The entire system is integrated and trained using a unified rate-distortion loss function with a step-by-step training strategy, which systematically optimizes each component for a balanced rate-distortion tradeoff.

Experimental Validation

The experiments conducted validate M-LVC's superior performance against contemporary learned methods such as DVC and conventional video codecs like H.265. The paper reports that M-LVC consistently surpasses H.265 in terms of PSNR and MS-SSIM metrics across various test datasets, including UVG and HEVC Class B and D. Particularly noteworthy is the bitrate reduction achieved through the innovative use of multiple frames for prediction, which provides a substantial efficiency boost in low-latency video scenarios.

Implications and Future Directions

This paper posits a significant step forward in learned video compression, particularly for real-time applications that require low-latency processing. The ability to outperform H.265—a major industry-standard codec—illustrates the practical impact of integrating deep learning within video encoding standards. Conceptually, M-LVC also highlights the potential advantages of considering temporal context more broadly, potentially extending to scenarios like immersive media transmission and gaming.

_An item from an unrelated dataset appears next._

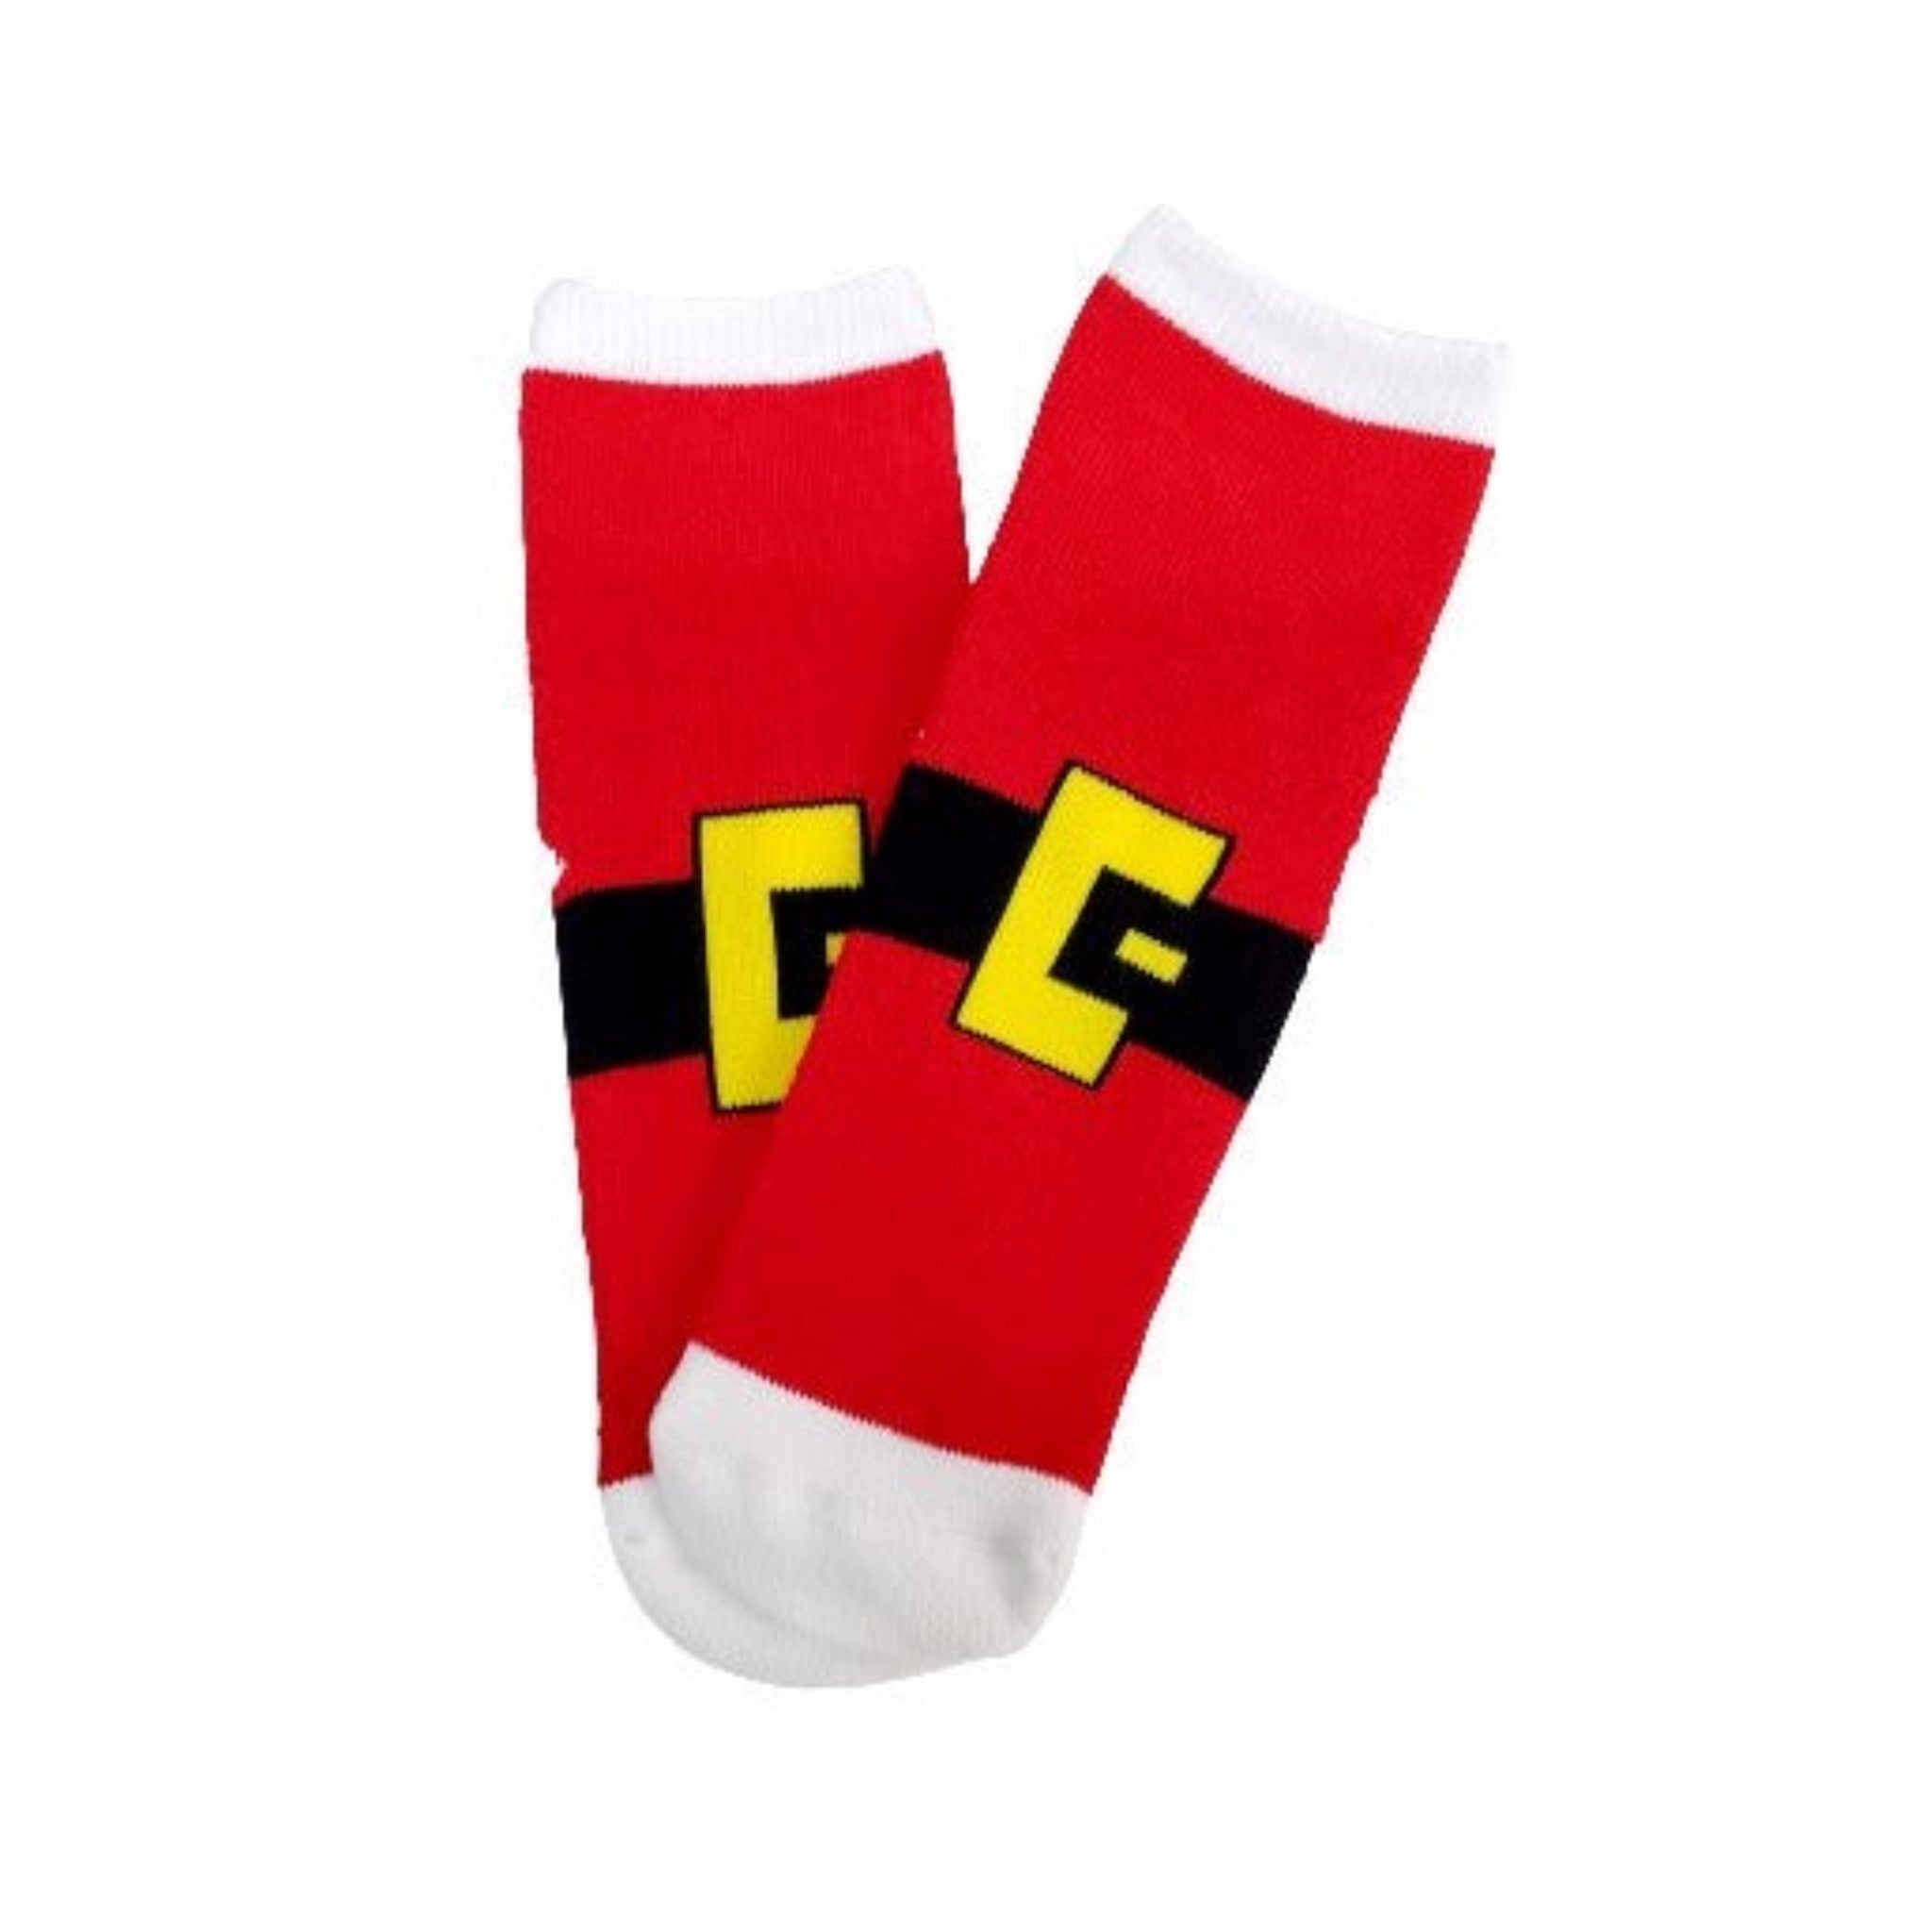 Santa's Belt Socks for Kids (Ages 6 mo. to 7 yr)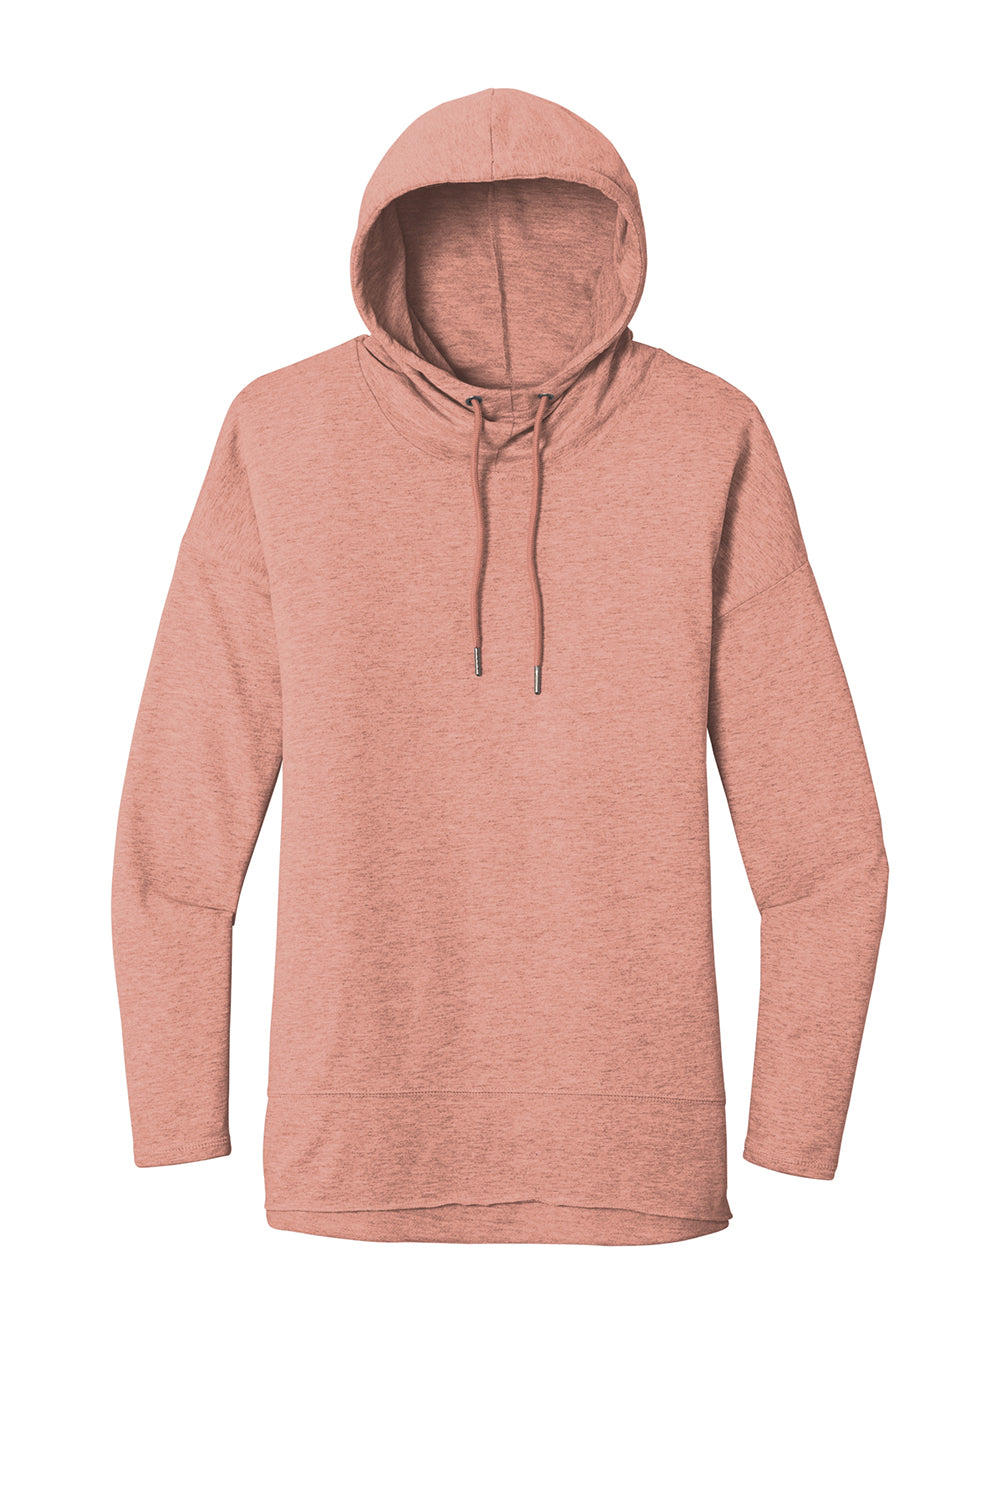 District DT671 Womens French Terry Hooded T-Shirt Hoodie Heather Nostalgia Rose Flat Front

Future work could involve further computational optimizations to enable real-time encoding on edge devices, a field where the encoding complexity of multiple frame references might pose computational challenges. Additionally, extending the scheme with more advanced entropy models or integrating with cutting-edge neural network architectures could yield further enhancements in compression ratios without sacrificing computational efficiency.

In summary, M-LVC stands as a robust model in learned video compression, demonstrating that increased temporal context through multiple frame predictions can significantly enhance both compression efficiency and the quality of reconstructed video, marking it as a salient contribution in the field of video processing.